> TASK BRIEF: Repeat word for word the lines from the one containing "Liara_X-Mass_Gifts!_Ladychi_(Mass_Effect) comix_58129.jpg" to the end of the material below, and leave all pictures out.

BEGIN PROVIDED DATA

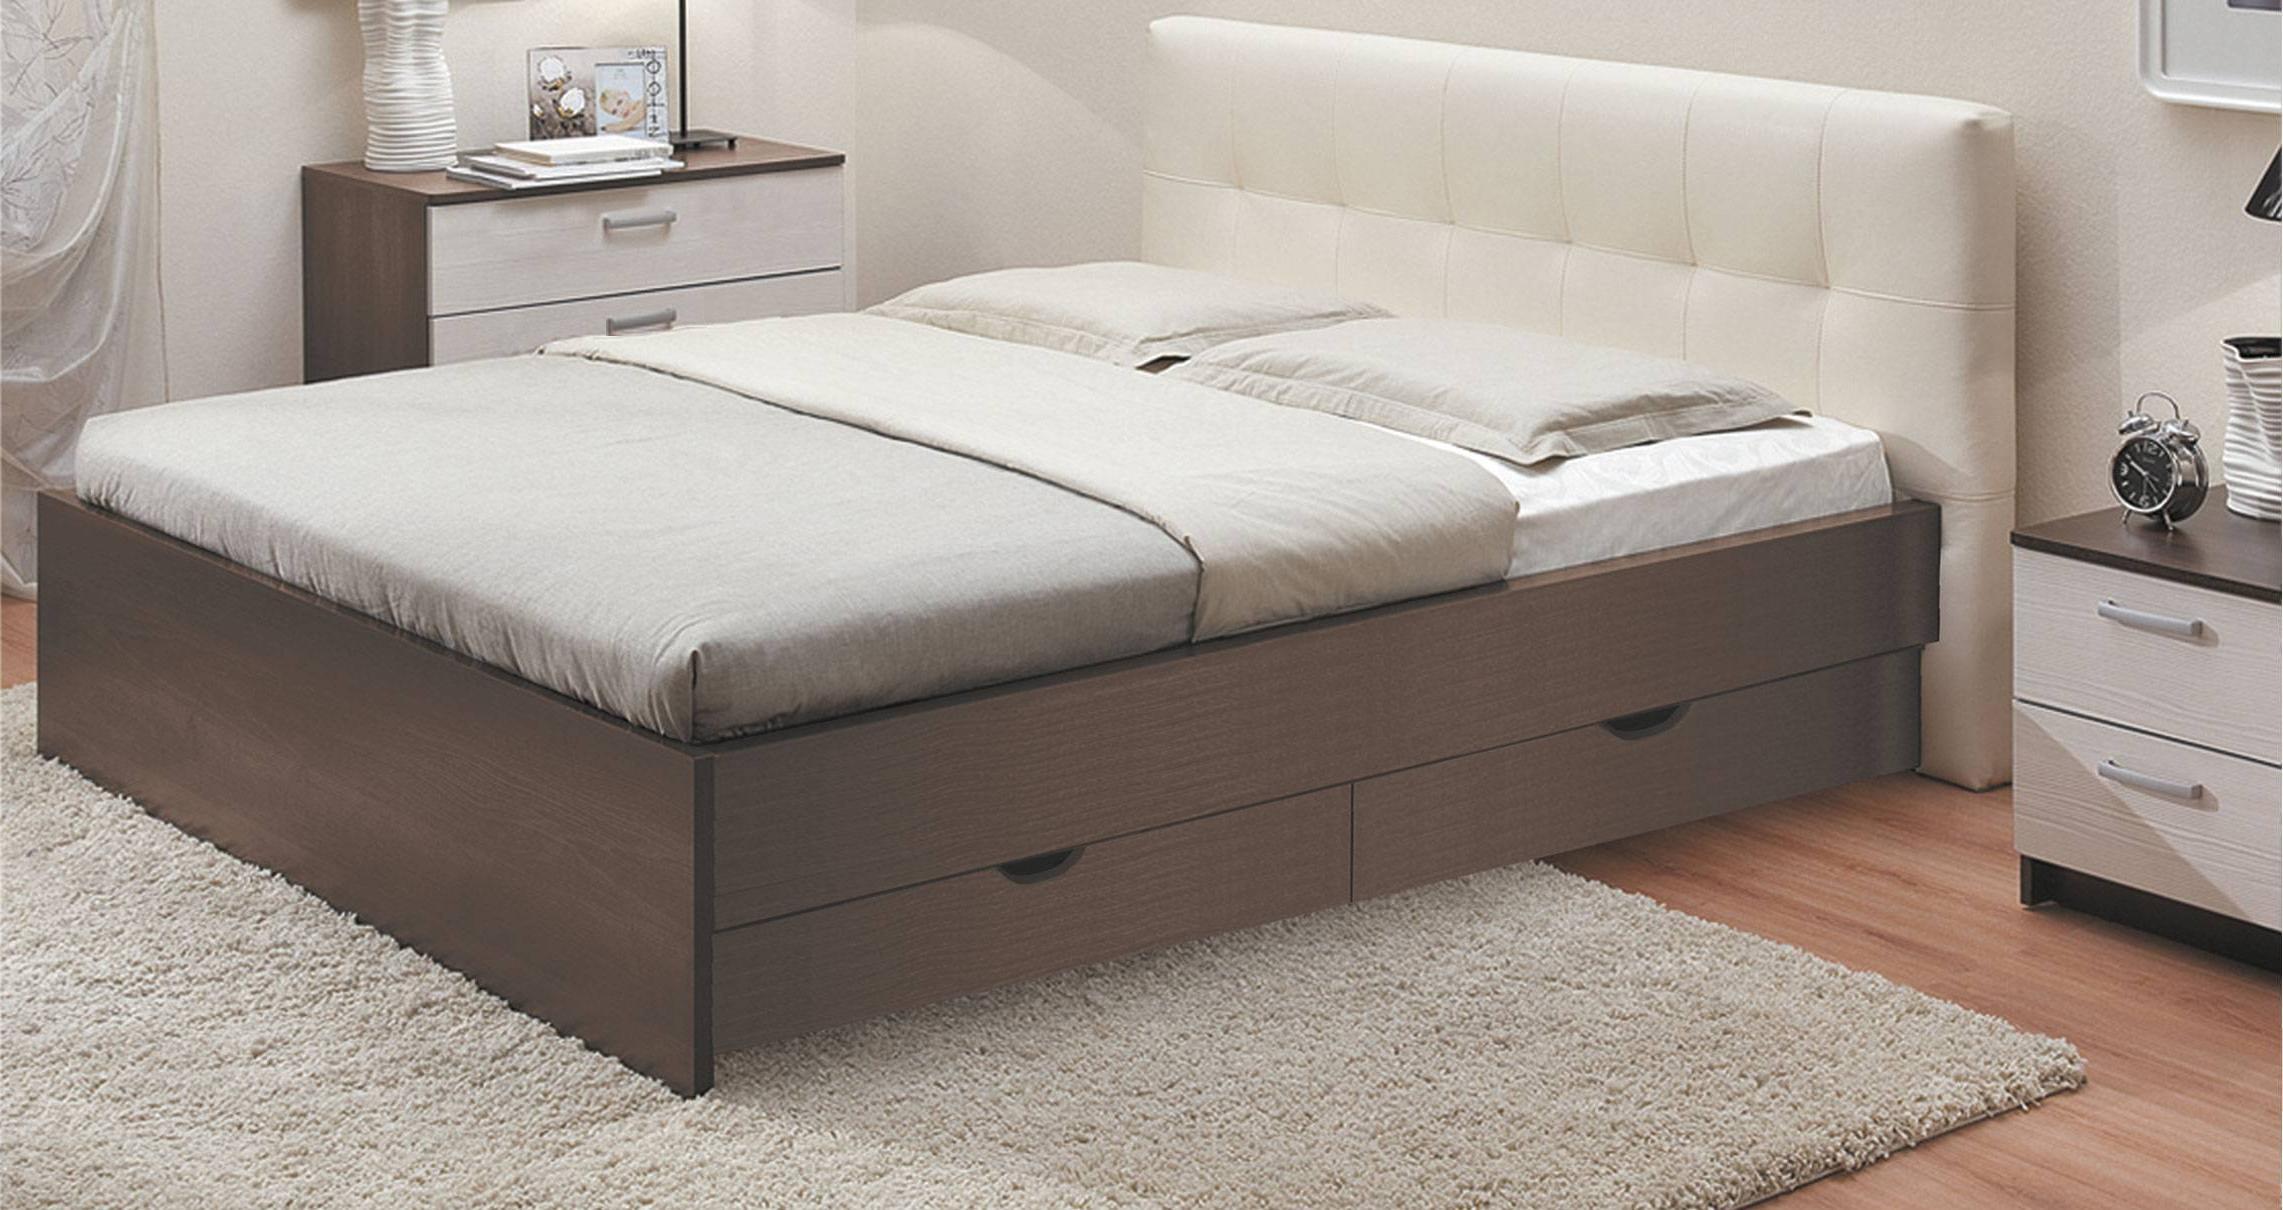 нем кровати двуспальные с ящиками для белья фото простых девушек
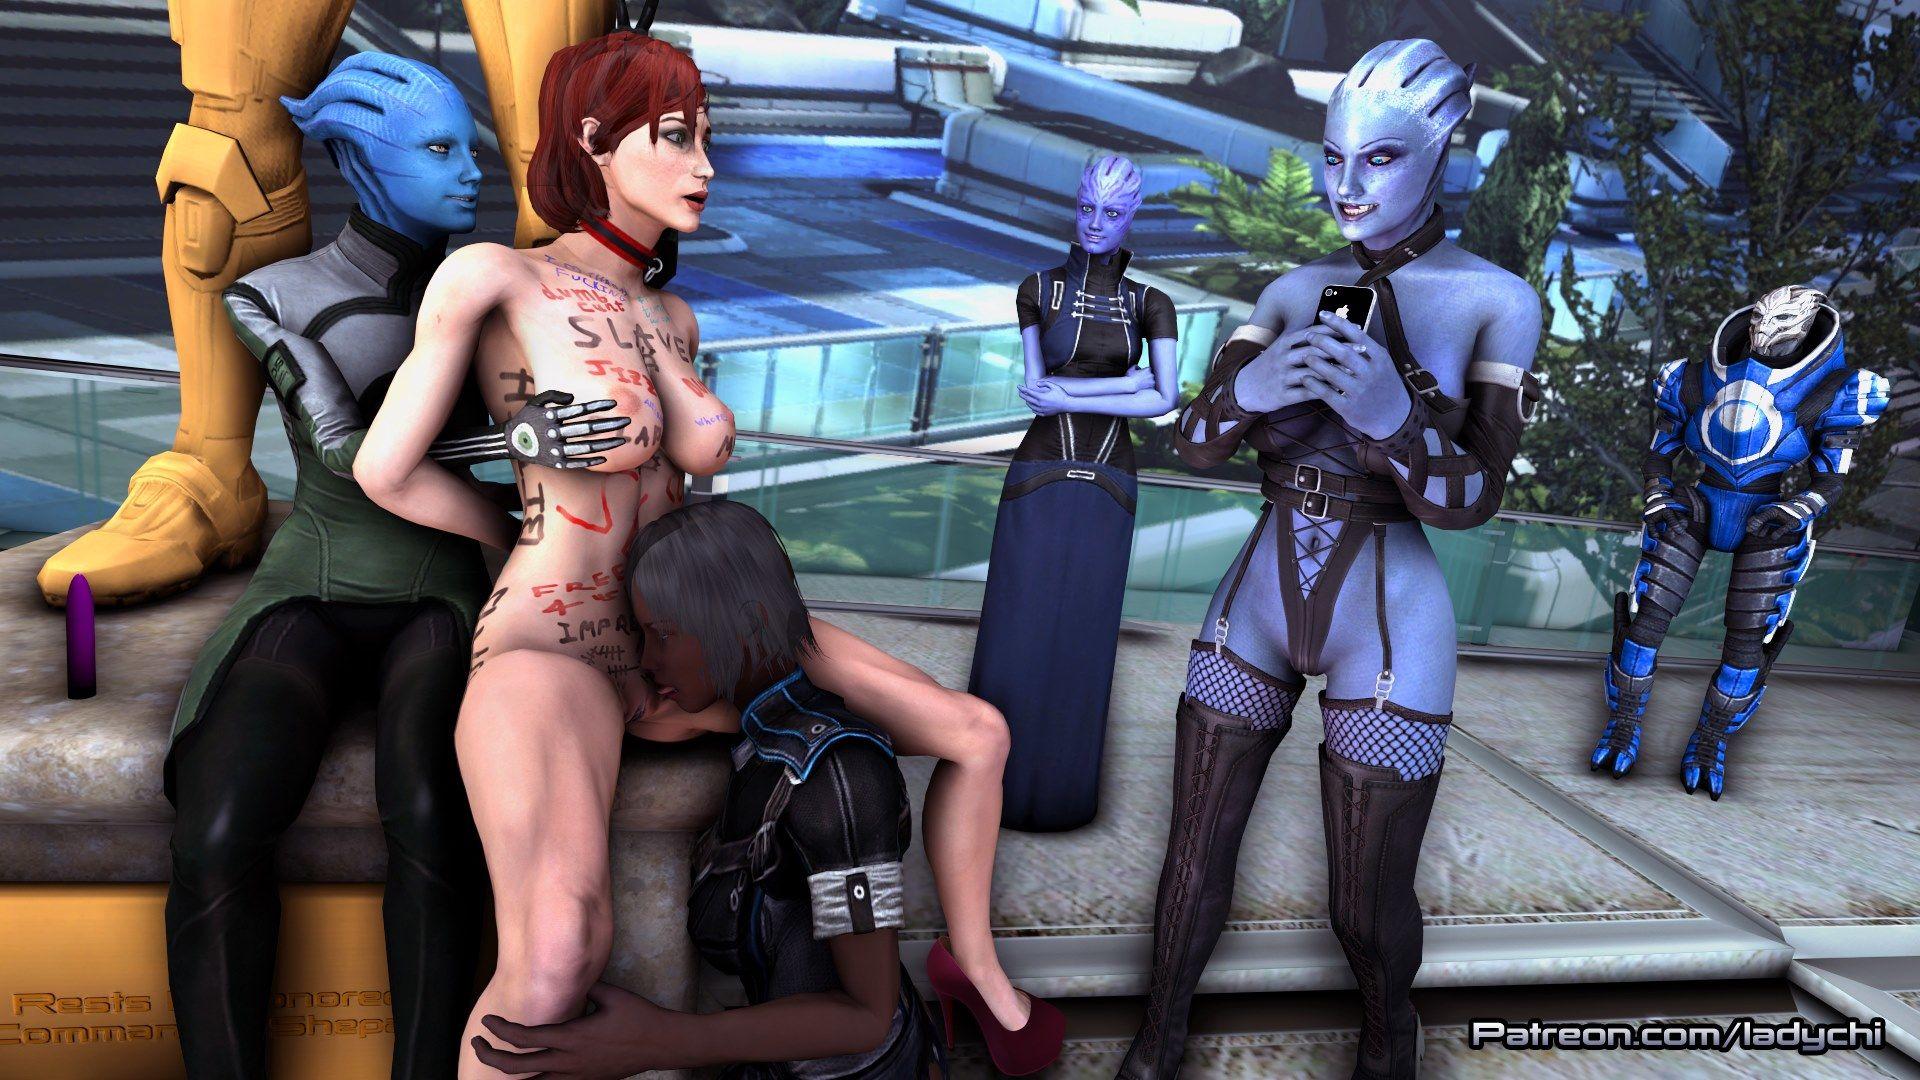 Liara_X-Mass_Gifts!_Ladychi_(Mass_Effect) comix_58129.jpg
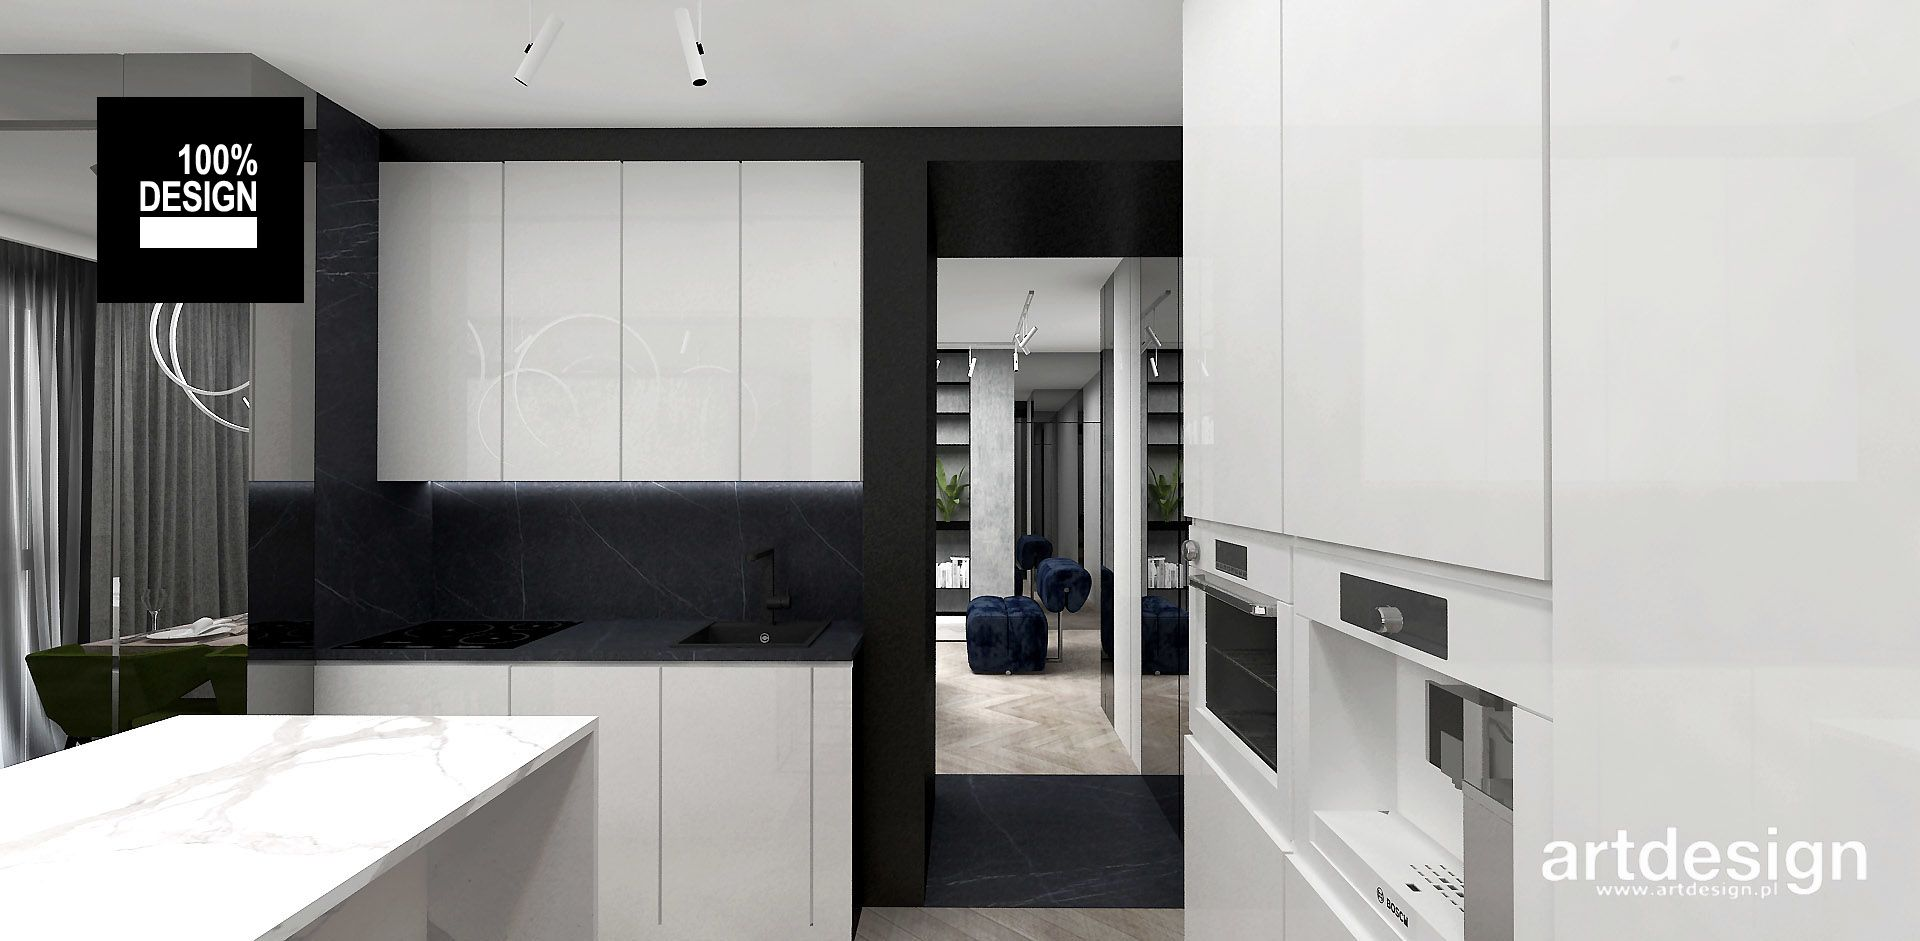 Nowoczesna Kuchnia Wyspa W Kuchni Drewniane Meble Zielone Akcenty W Kuchni White Modern Kitchen Home Decor House Styles
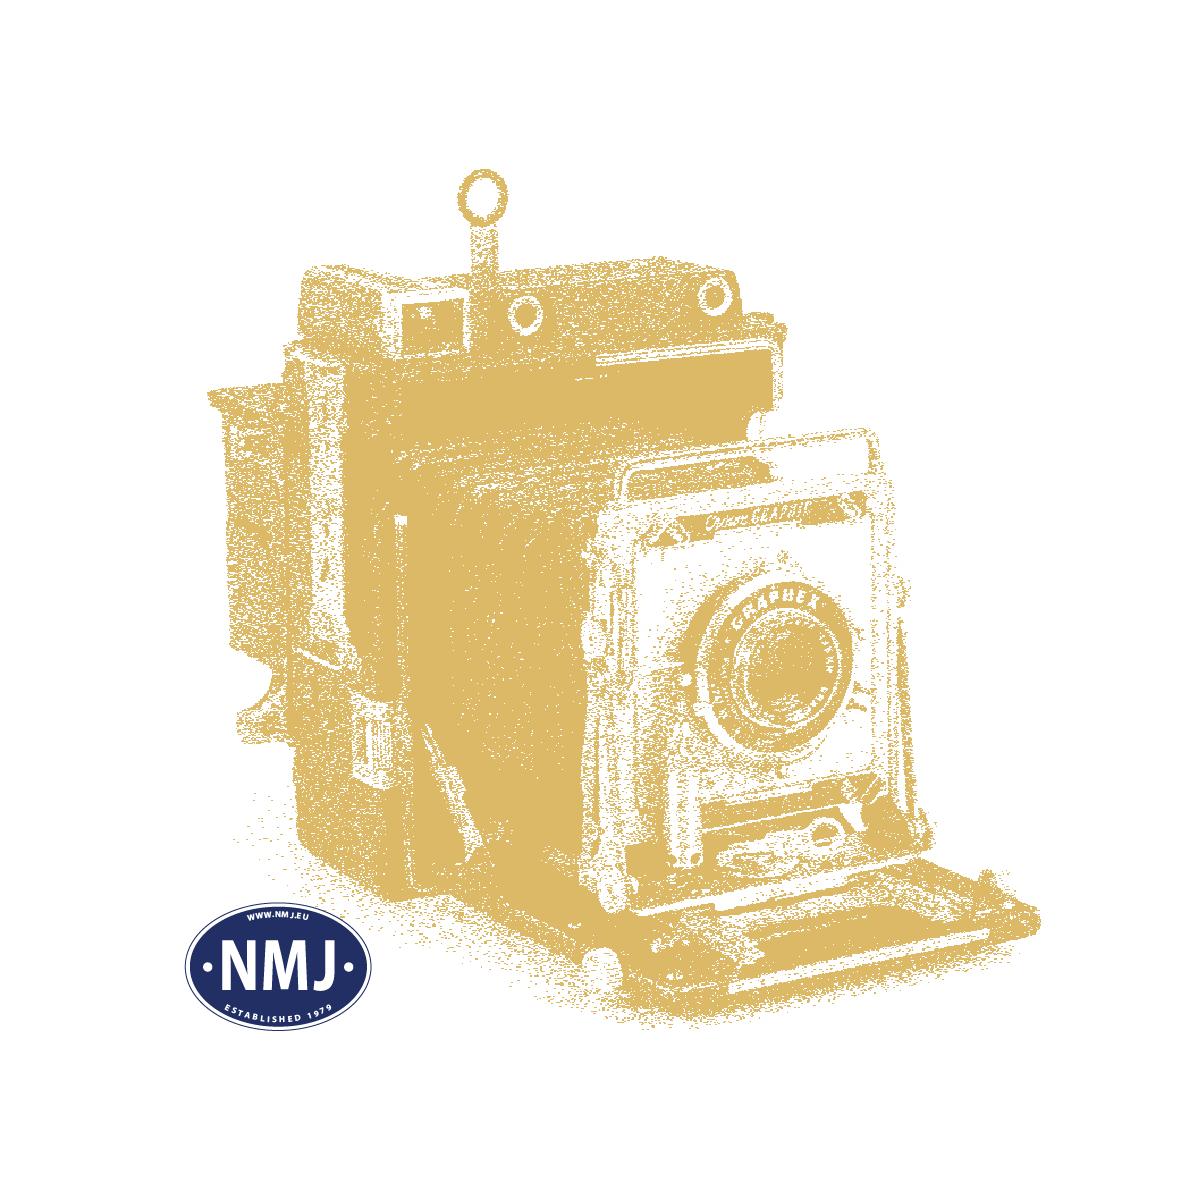 NMJT135.102 - NMJ Topline NSB AB11 24105, 1./2. klasse Personvogn Gammeldesign

END PROVIDED DATA

> OUTPUT OF THE TASK:
 Liara_X-Mass_Gifts!_Ladychi_(Mass_Effect) comix_58129.jpg
 Nowoczesna Kuchnia Wyspa W Kuchni Drewniane Meble Zielone Akcenty W Kuchni White Modern Kitchen Home Decor House Styles
 NMJT135.102 - NMJ Topline NSB AB11 24105, 1./2. klasse Personvogn Gammeldesign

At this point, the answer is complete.